Criaram o mecanismo de correção monetária, o FGTS, o BNH. Você tinha na verdade
uma grande modernização da economia. Mas tinha grandes problemas também. O
comércio exterior era um problema sério.
Eles também criaram incentivos para a exportação?
Não. Tinha um sistema de cambio fixo, muito inconveniente porque à medida que
você tem inflação, seu câmbio real vai caindo. Quando em 68, nós introduzimos o
"crawling peg", era um sistema cambial em que você corrigia o câmbio
praticamente toda semana, usando uma regra que era a diferença entre a inflação
americana e a inflação brasileira. Isso deu um grande estímulo ao setor
exportador.
O programa que apresentei para o presidente Costa e Silva era de que nós iríamos
fazer crescer a participação de outros produtos, de forma que café não fosse
mais câmbio.
Em 1966, 1967, café era câmbio. Essa era uma frase do velho [Eugênio] Gudin
(ex-ministro da Fazenda) e é verdade. Cerca de 60%, 70% da receita cambial era
café.
De forma que você passou praticamente 10 anos não cobrando nenhum imposto sobre
a exportação. O que é o correto porque o imposto tem de ser cobrado no destino.

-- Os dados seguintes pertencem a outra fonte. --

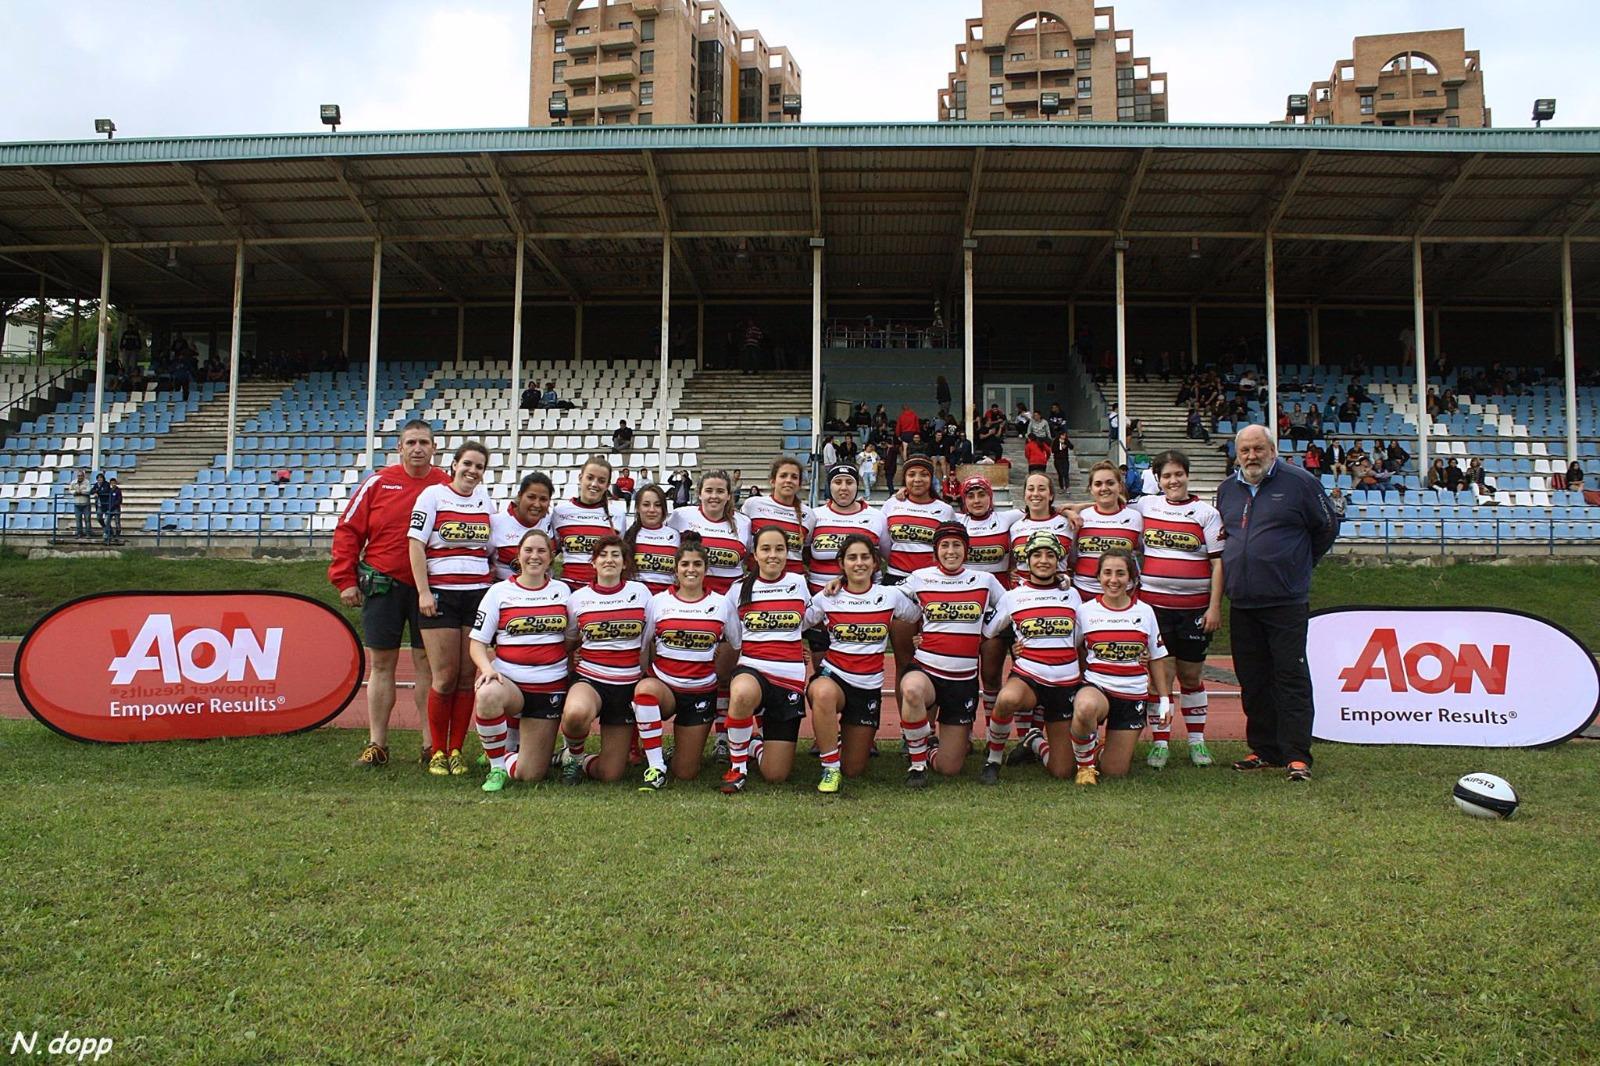 Equipo sénior femenino del Gijón Rugby Club - Universidad de Oviedo

Por que vocês reverteram a decisão do governo
Castelo de dar independência ao Banco Central?
Você estava com uma recessão profunda, um desemprego terrível e o Banco Central
insistia em fazer uma política econômica restritiva com o seguinte objetivo:
mudar a expectativa inflacionária. Tudo isso estava certo. Só que o custo disso
era uma barbaridade. Então foi isso que acabou com a tal independência do Banco
Central.
Só que foi uma boa coisa. O Banco Central não tem de ser independente, tem de
ser autônomo, tem de prestar conta à autoridade que a urna elegeu, ou que está
no poder. Tem de receber uma missão e cumprir com autonomia.
Tanto é verdade que mudou a política e de um crescimento negativo, de quase
zero, você teve uma expansão enorme.
A que o senhor atribui o chamado milagre econômico?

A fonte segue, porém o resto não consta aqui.